By lluviaporos — On Feb 20, 2014

@bythewell - I think you can still call love a universal quality. It isn't really fair to say that those women didn't fit a mother archetype. They might not have gone down with the ship, so to speak, but that doesn't mean they didn't love their children.

The Earth Mother archetype is often one that can be cruel but does it out of necessity or love.

I like to think this is the norm for mothers, even if they don't always get it right.

By bythewell — On Feb 19, 2014

@clintflint - I remember reading a study once where the researcher wanted to discover if there really was a universal quality that could be ascribed to mothers. She figured that, if nothing else, the sacrificial quality of a mother's love must be just about universal.

But she actually found even that wasn't true.

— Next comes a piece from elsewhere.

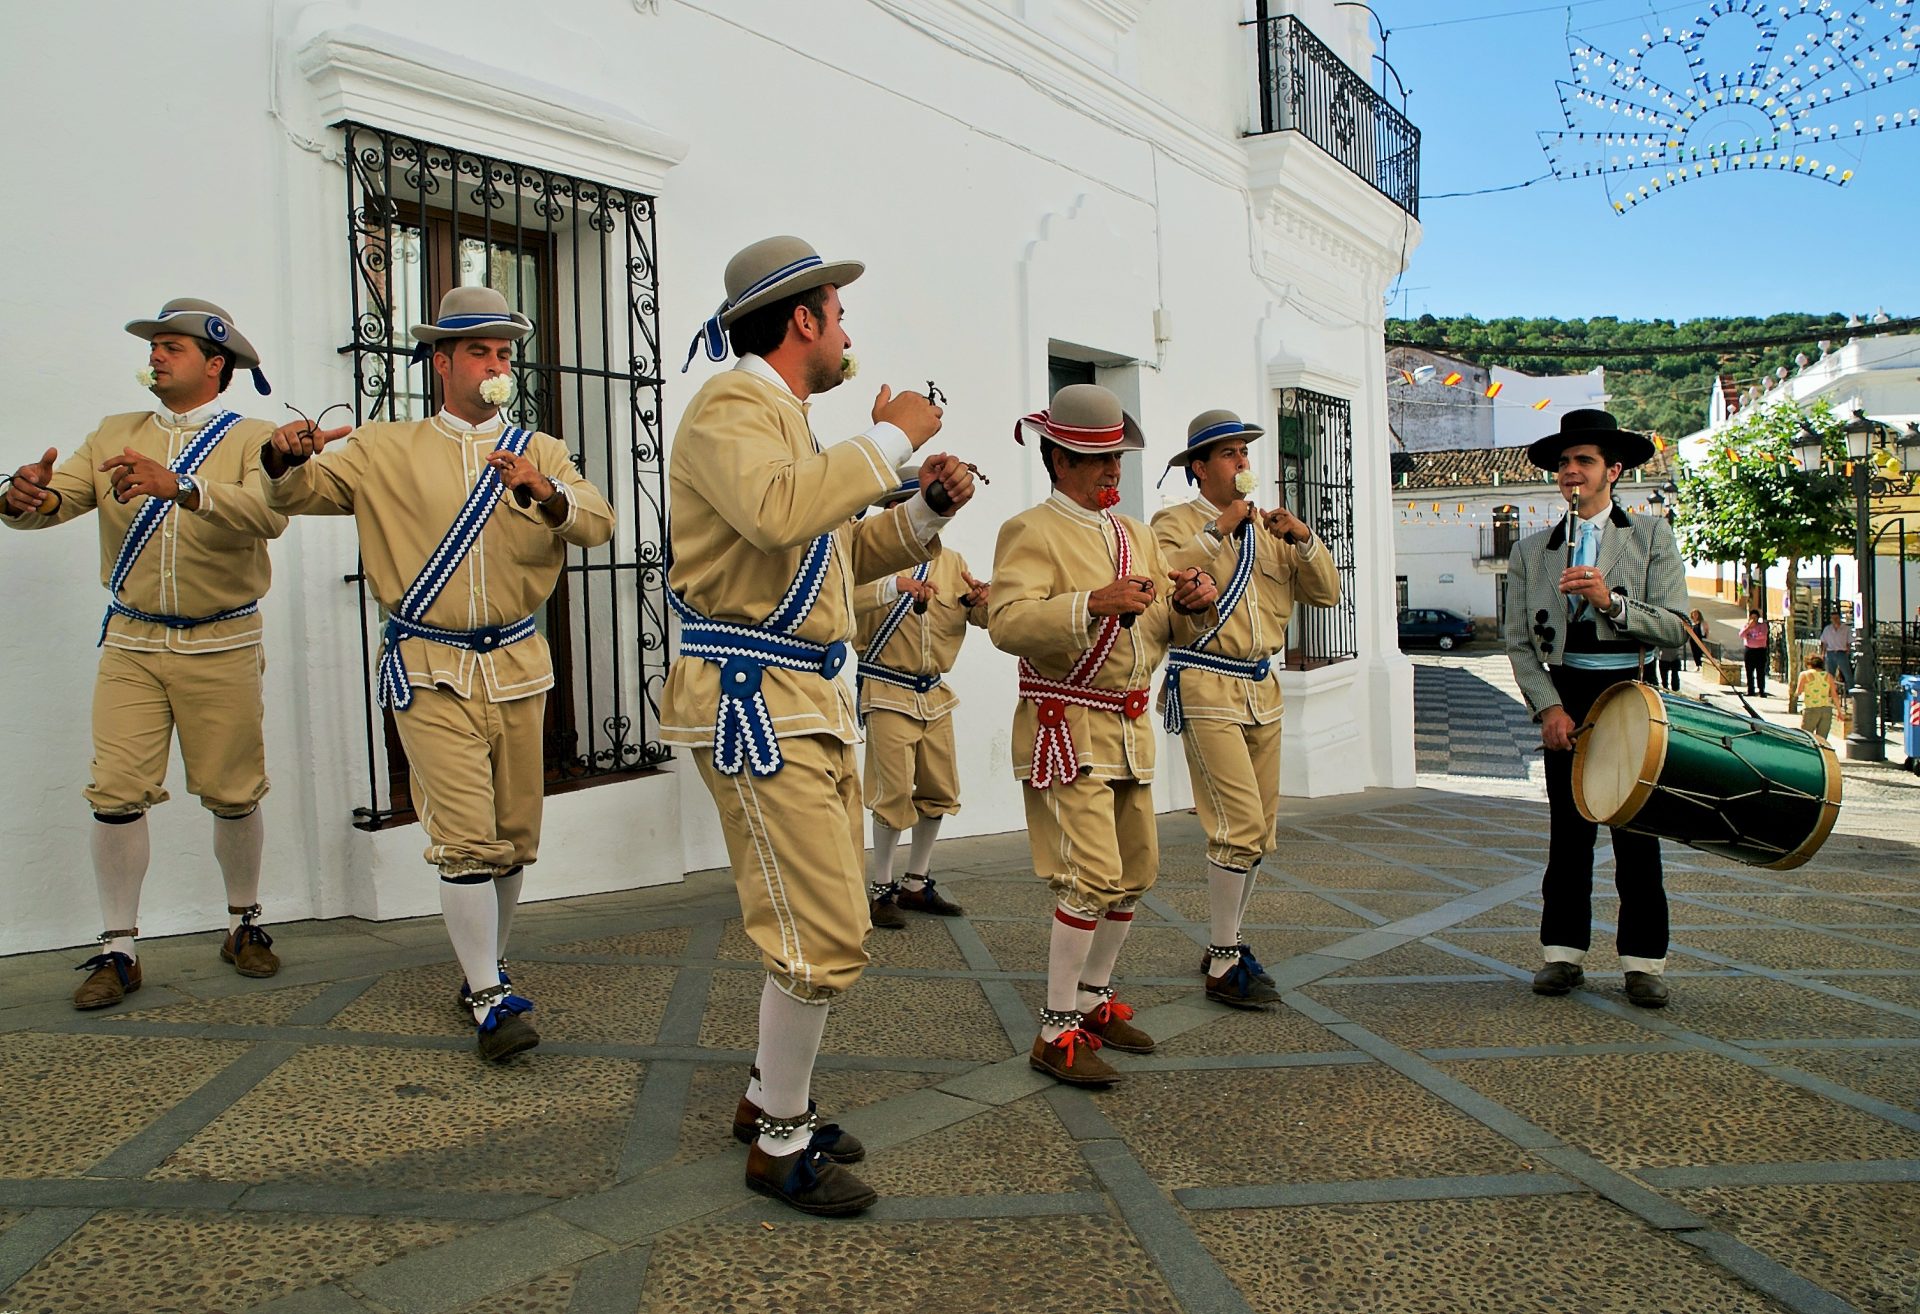 Los Danzantes performing during Corpus Christi (credit: Adolfobrigido)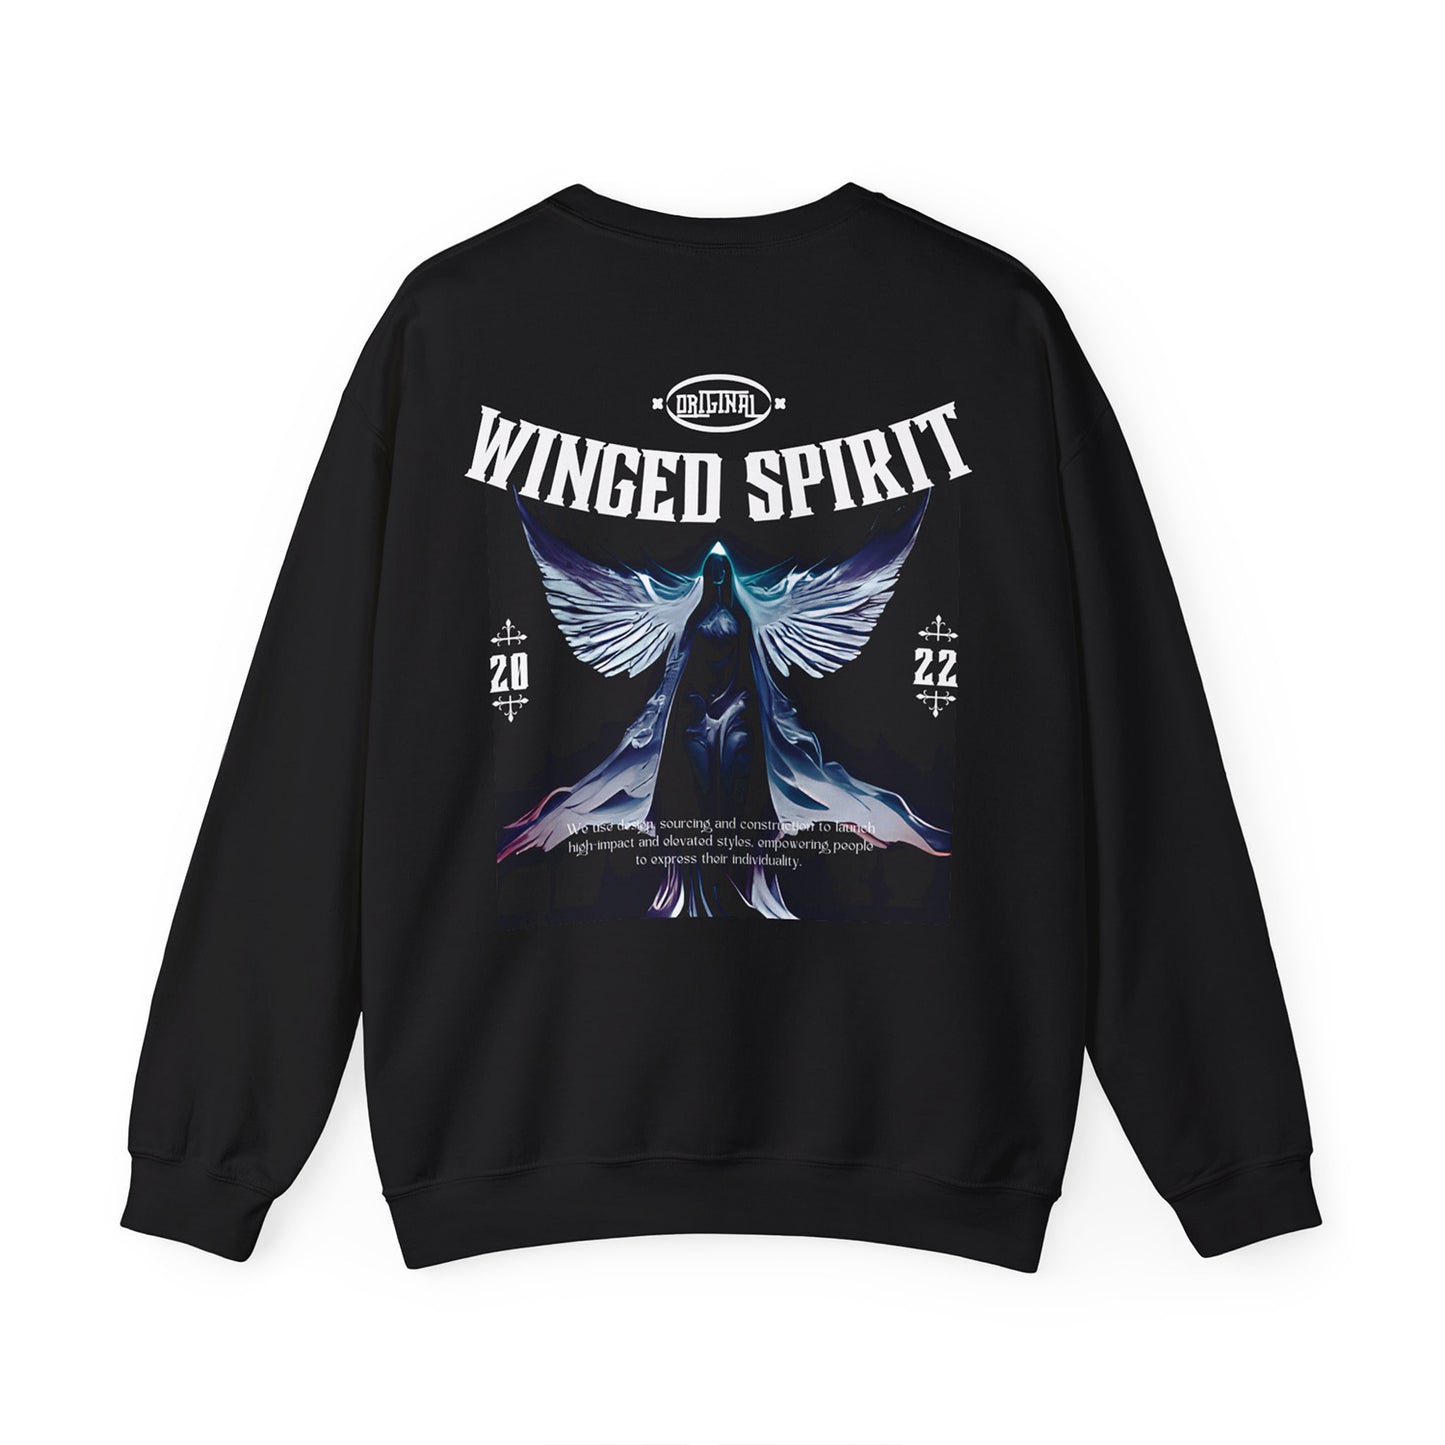 Winged Spirit Sweatshirt for Men

There are cultures that lived in places where there were often famines and there was a tendency among new mothers in these places to stop feeding their babies when there was scarcity and basically let them die.

Which sounds horrifying, because it goes against the standard mother figure archetype, but it was actually a survival thing, because it was a case of either the baby dying or the baby AND the mother dying. I think the study concluded that there just wasn't any real universal quality that could be ascribed to motherhood.

By clintflint — On Feb 18, 2014

I think there are a wide variety of archetypal mothers. It depends on culture and the kind of media that you consume as well. They aren't all about love and familial pride either.

I mean, the nagging mother isn't exactly a positive archetype, but it is definitely one of the big ones. You have the mother who wants their child to succeed in the ways that they didn't and pushes hard for their child to excel.